Owners Elda and Herb Armstrong will be offering grand fir, red shasta and noble and Douglas fir trees from their “Grand Forest” at the 20 acre-property.

Elda Armstrong said they are also offering the long-needled concolor trees that can be used as table top decorations. The farm has conifers that are 20 feet or taller that need to be purchased, she added.

“After so long, they get scraggly,” Armstrong explained. “If they want big trees, we’ve got them. We don’t sell them off to wholesalers — we’d rather sell them to the public.”

St. Mick’s took a hit during the dry summer, she said, noting that the although staff planted 1,100 trees, it lost about 40 percent of them — even with regular watering. Regardless, the farm will operate the same as it does every year and families can visit to pick a tree or tag one to cut down later in the season.

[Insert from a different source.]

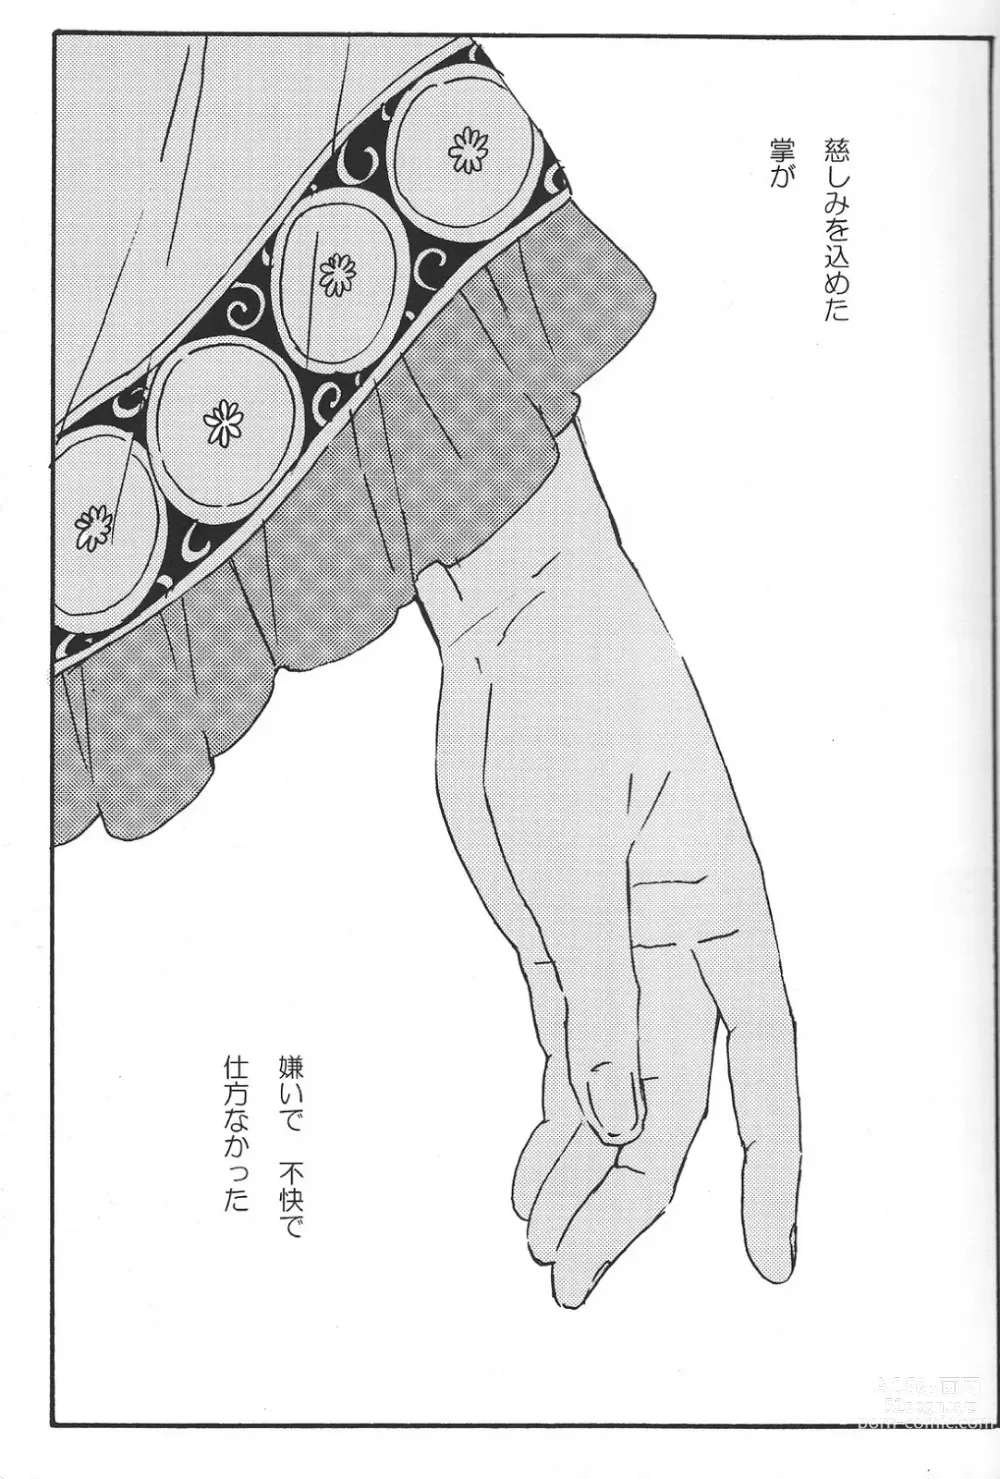 Page 2 of doujinshi Hikkakikizu

Armstrong said she will also continue the tradition of taking a picture of the tree pickers as well as encourage repeat customers to find their picture from last year.

The Armstrongs, children and grandchildren included, will help other families cut down their trees and even install tree stands for those who need assistance with the tricky contraptions.

Cookies and hot beverages will be available for snacking while customers wait for their purchases to be prepared for the drives home. Armstrong will also take wreath orders and make custom scotchbroom wreaths, using all natural greens and cones.

While the family has been in the business for more than 20 years, “we seem to get a little better every year,” Armstrong said.

She also offered a few tips on how to help extend the life of the trees: After cutting them down, place the trunk in water immediately. After it has been in a water bucket for a day or so, cut 3/4-inch off the bottom, drill a hole up the center of the trunk and pack it with cotton. Then set the trunk in a mix of water and 7Up.

“(The mixture) helps it stay green longer,” Armstrong said, noting one of her grandkids did a science project on it for school, proving that trees stay alive longer with sugar water.

At the end of the season, she recommended taking the trees to a recycling center, where they will be chopped up and used for mulch.